WEST LAFAYETTE, Ind. - Open up a pint of strawberries from the grocery store, and more often than not you'll find a fuzzy berry or two in the mix. A blast of chlorine dioxide gas, however, promises to not only keep those berries fuzz-free, but also to kill off harmful bacteria living on their surface more efficiently than methods currently used by the food industry, say Purdue University researchers.
"Strawberries are tricky," said Rich Linton, professor of food science and one of the leaders of the current study on decontaminating strawberries. "They're notoriously difficult to clean, and their surface composition actually encourages bugs to grow."
Those bugs can include potentially lethal bacteria, such as E. coli, as well as viruses including hepatitis A, which caused an outbreak linked to frozen strawberries in 1996.
"The issue with strawberries is that they're easily contaminated," Linton said. "They're grown in close association with soil, where they may pick up pathogens such as E. coil from manure-based fertilizers, and they're hand-picked, providing another avenue for contamination."

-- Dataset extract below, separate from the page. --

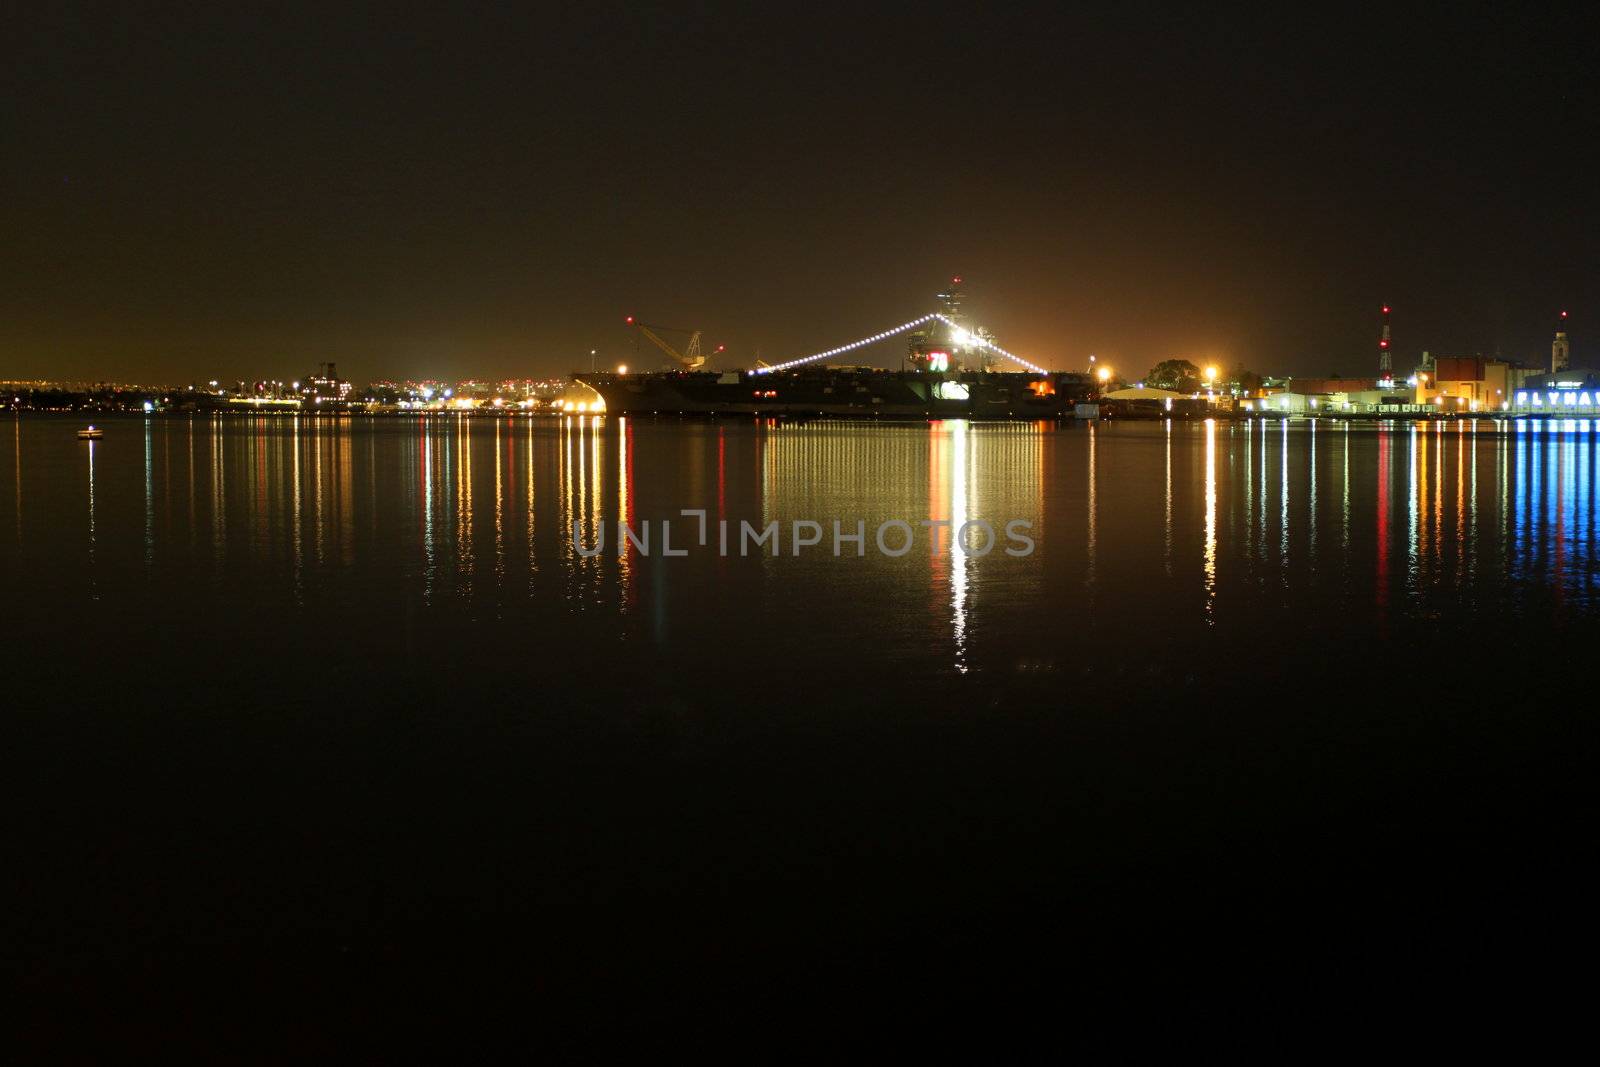 The skyline of San Diego Navy harbor at night with reflection in the water.

Linton and his colleagues at Purdue's Center for Food Safety Engineering, who already have demonstrated the efficacy of using chlorine dioxide gas to kill pathogens on the surface of apples and green peppers, have shown the treatment also removes significantly higher levels of pathogens than the current industry-standard chlorinated water rinse.
Linton's study, published in the current issue of the Journal of Food Protection, compares two different chlorine dioxide treatments, called "batch processing" and "continuous processing." Both treatments provide greater than a 5-log, or 99.999 percent, reduction in the numbers of E. coli and Listeria monocytogenes on strawberry surfaces.
Food safety experts assess decontamination efficiency with a measurement called "log reduction," which indicates how much contamination can be reduced after a decontamination treatment. A log, or logarithm, is a power of ten; thus a 1-log reduction is a 90 percent reduction; a 2-log reduction is a 99 percent reduction, and a 5-log reduction is a 99.999 percent reduction.
While current methods for removing pathogens on strawberries yield about a 2.5 log reduction in bacteria levels, the Food and Drug Administration has stated produce treatments should achieve a 5-log reduction in pathogens.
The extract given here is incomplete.